DATASET EXCERPTS —
§ §

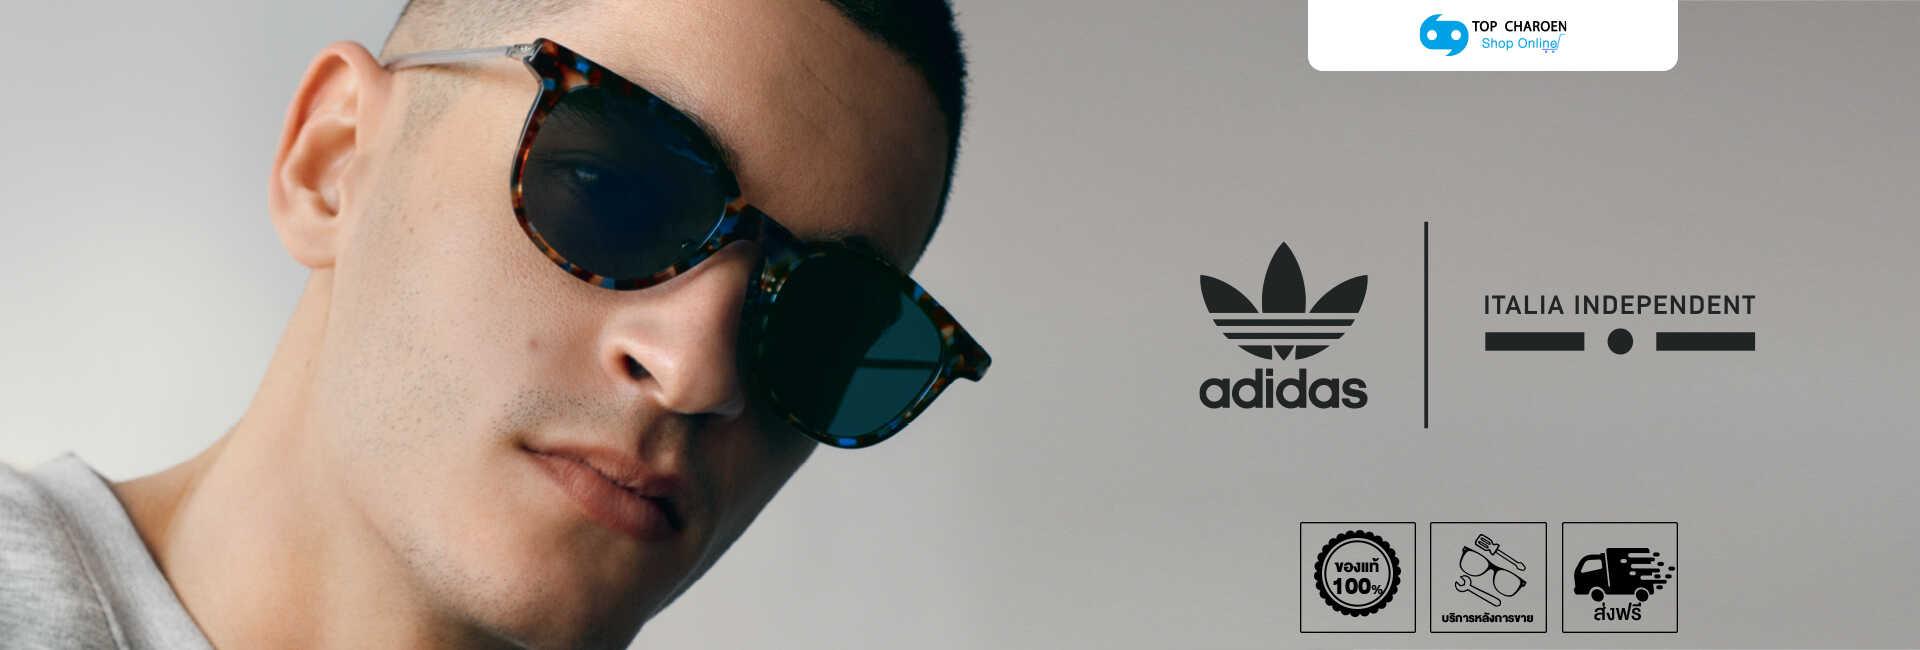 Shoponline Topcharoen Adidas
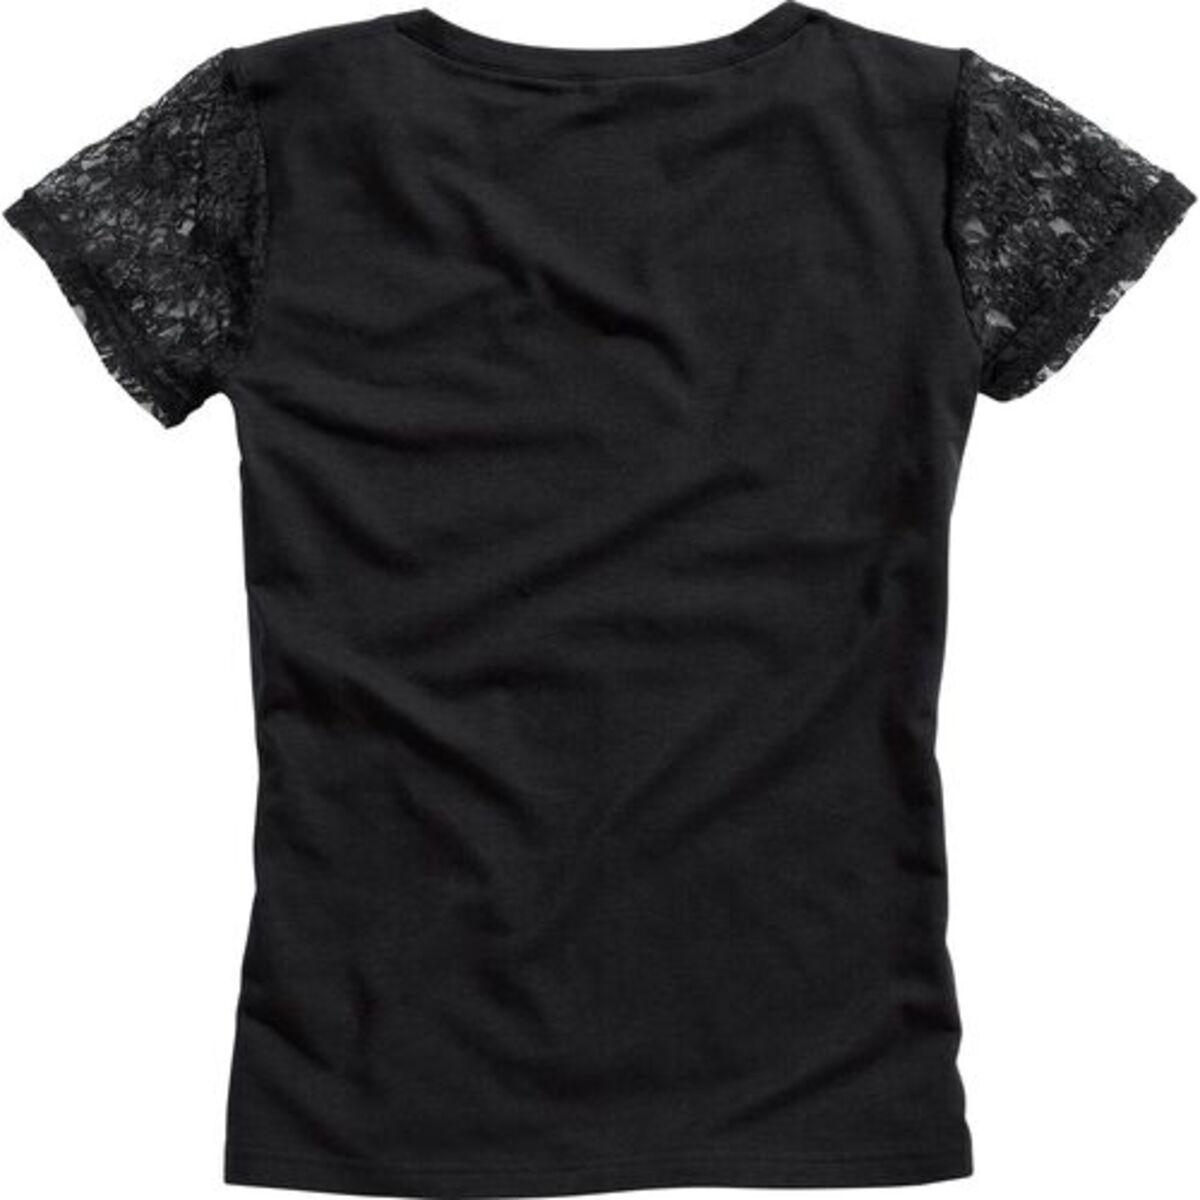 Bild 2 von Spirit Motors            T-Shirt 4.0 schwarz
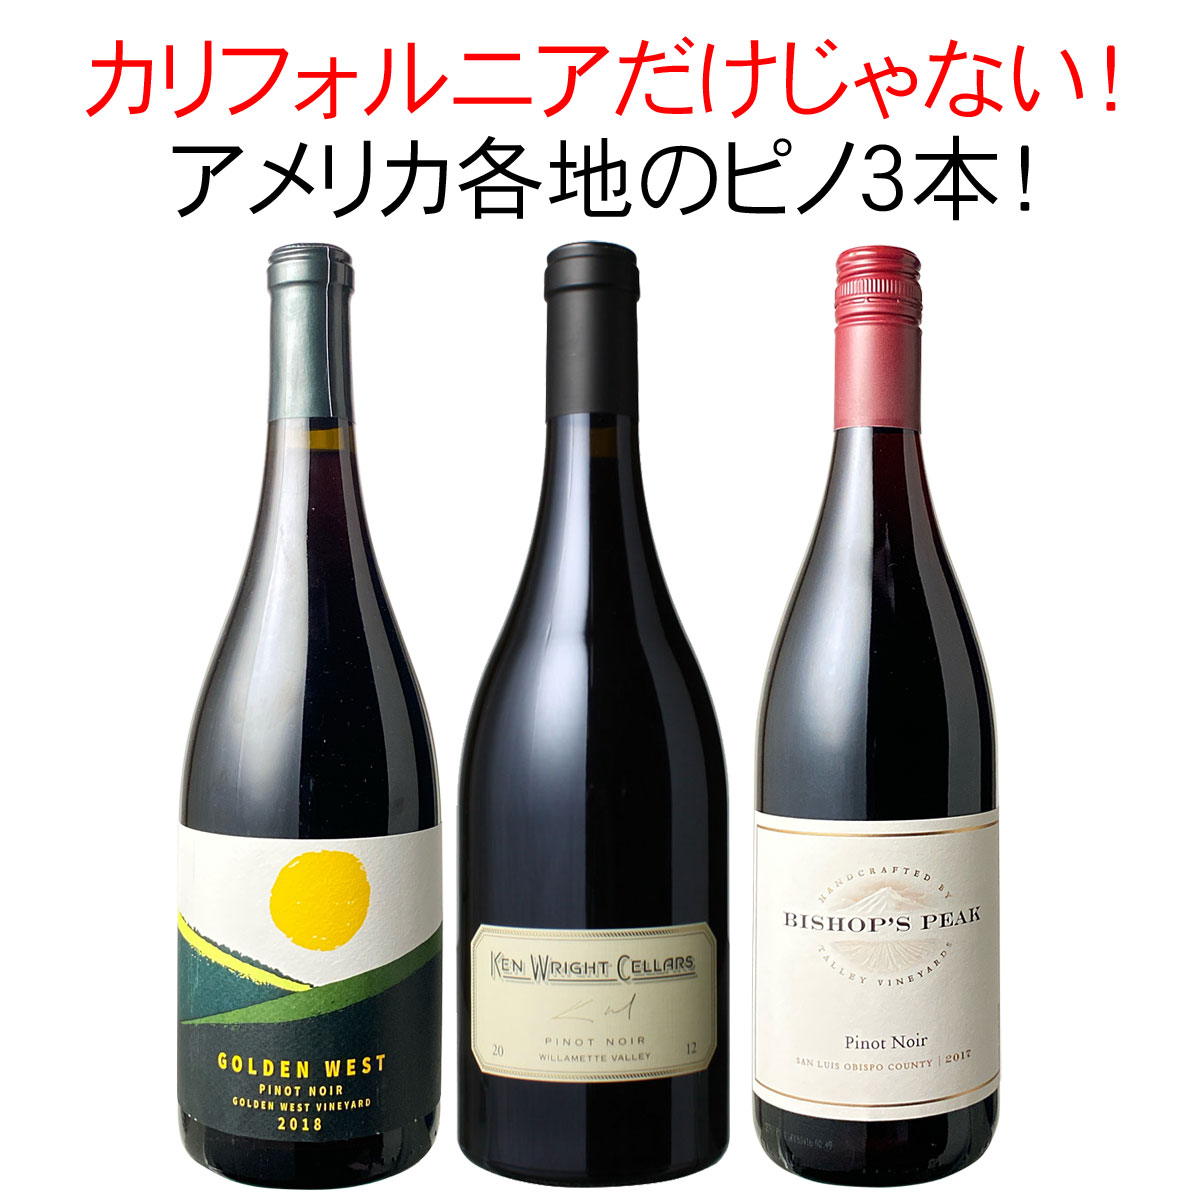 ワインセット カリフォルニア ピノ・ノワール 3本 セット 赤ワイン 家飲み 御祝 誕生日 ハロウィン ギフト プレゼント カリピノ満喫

§ §

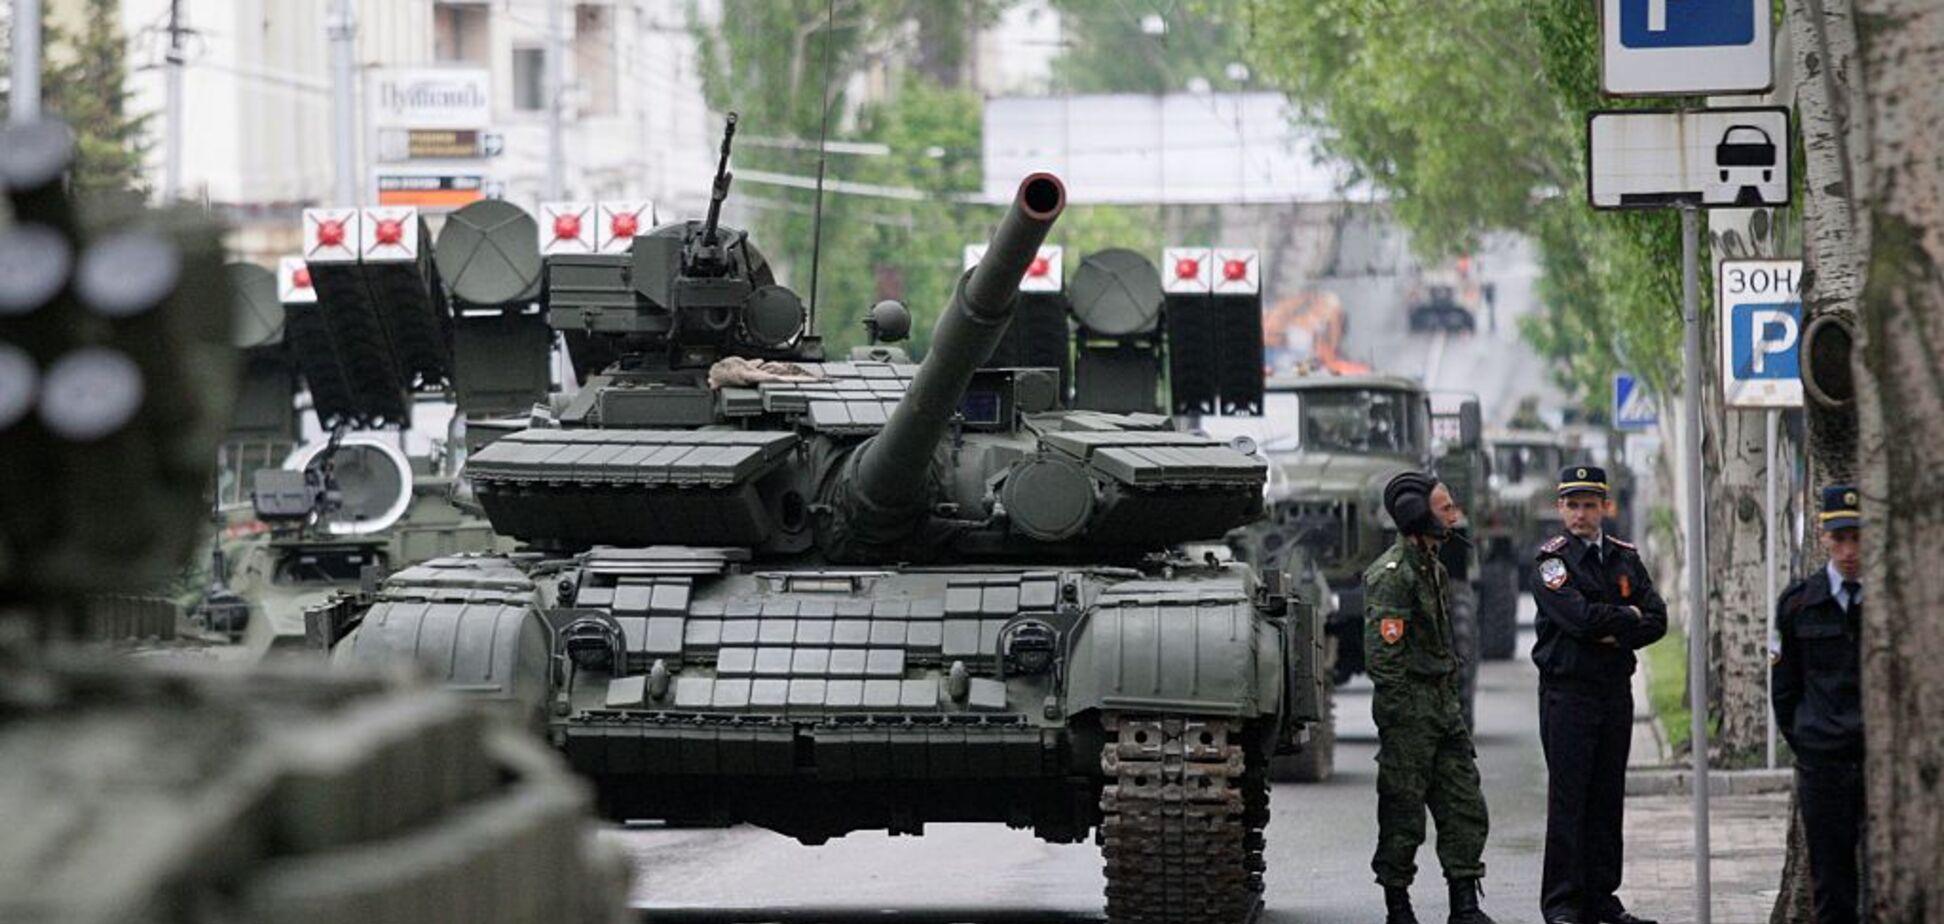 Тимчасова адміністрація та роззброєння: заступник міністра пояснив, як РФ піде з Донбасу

§ §

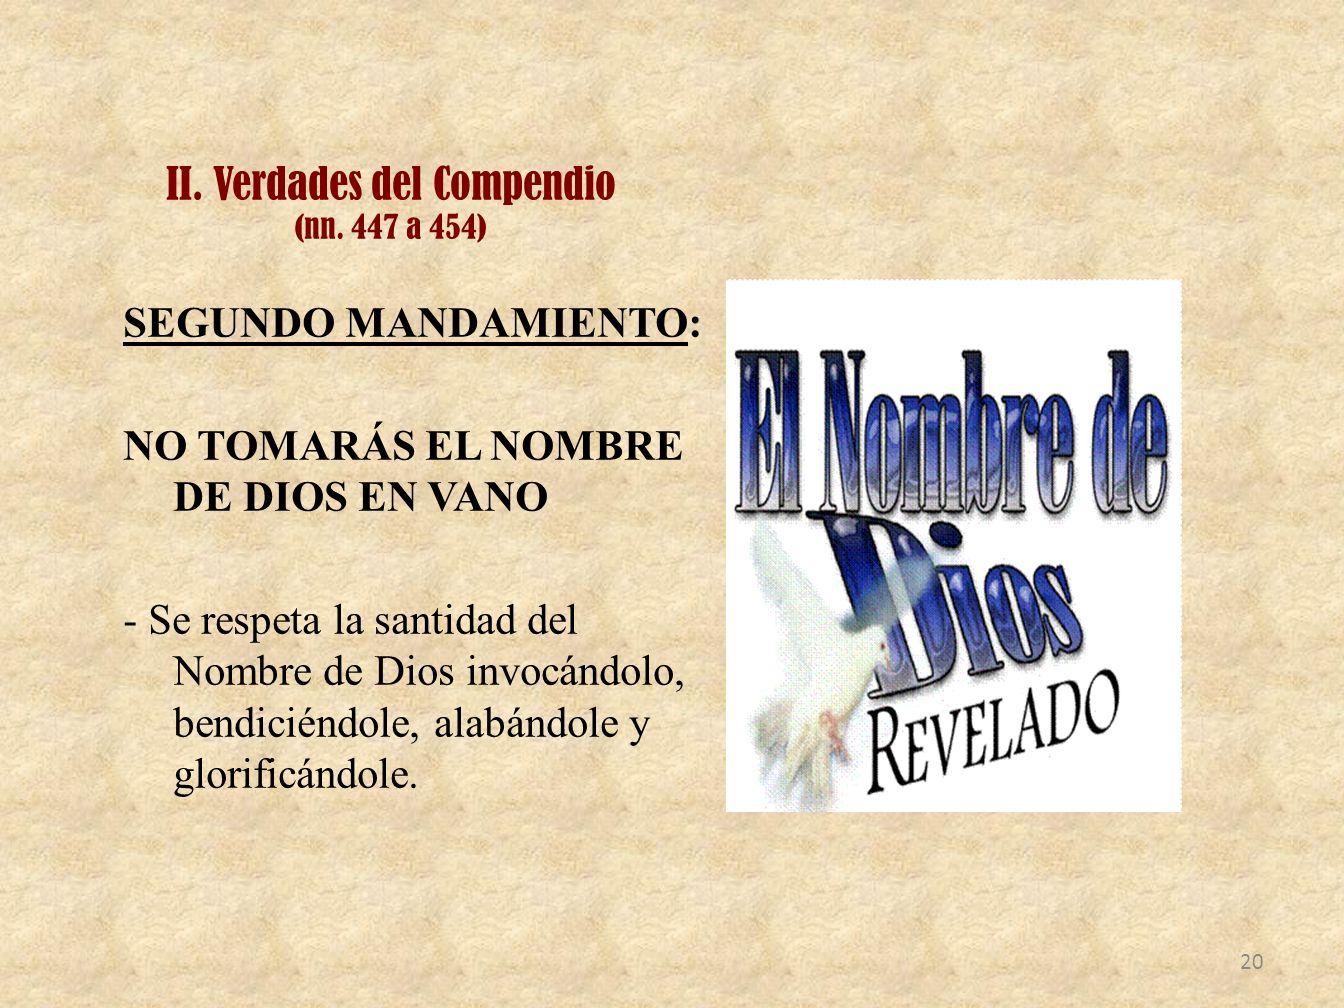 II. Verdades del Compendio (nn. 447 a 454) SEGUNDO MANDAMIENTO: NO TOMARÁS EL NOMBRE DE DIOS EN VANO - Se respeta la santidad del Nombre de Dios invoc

§ §

EXERCISE —
Lines wanted from the entries above: the one with "Shoponline Topcharoen Adidas", the one with "ワインセット カリフォルニア ピノ・ノワール", and all lines between. Please copy them exactly, without the pictures and without anything else.

PROBLEM SOLUTION —
 Shoponline Topcharoen Adidas
 Bild 2 von Spirit Motors            T-Shirt 4.0 schwarz
 ワインセット カリフォルニア ピノ・ノワール 3本 セット 赤ワイン 家飲み 御祝 誕生日 ハロウィン ギフト プレゼント カリピノ満喫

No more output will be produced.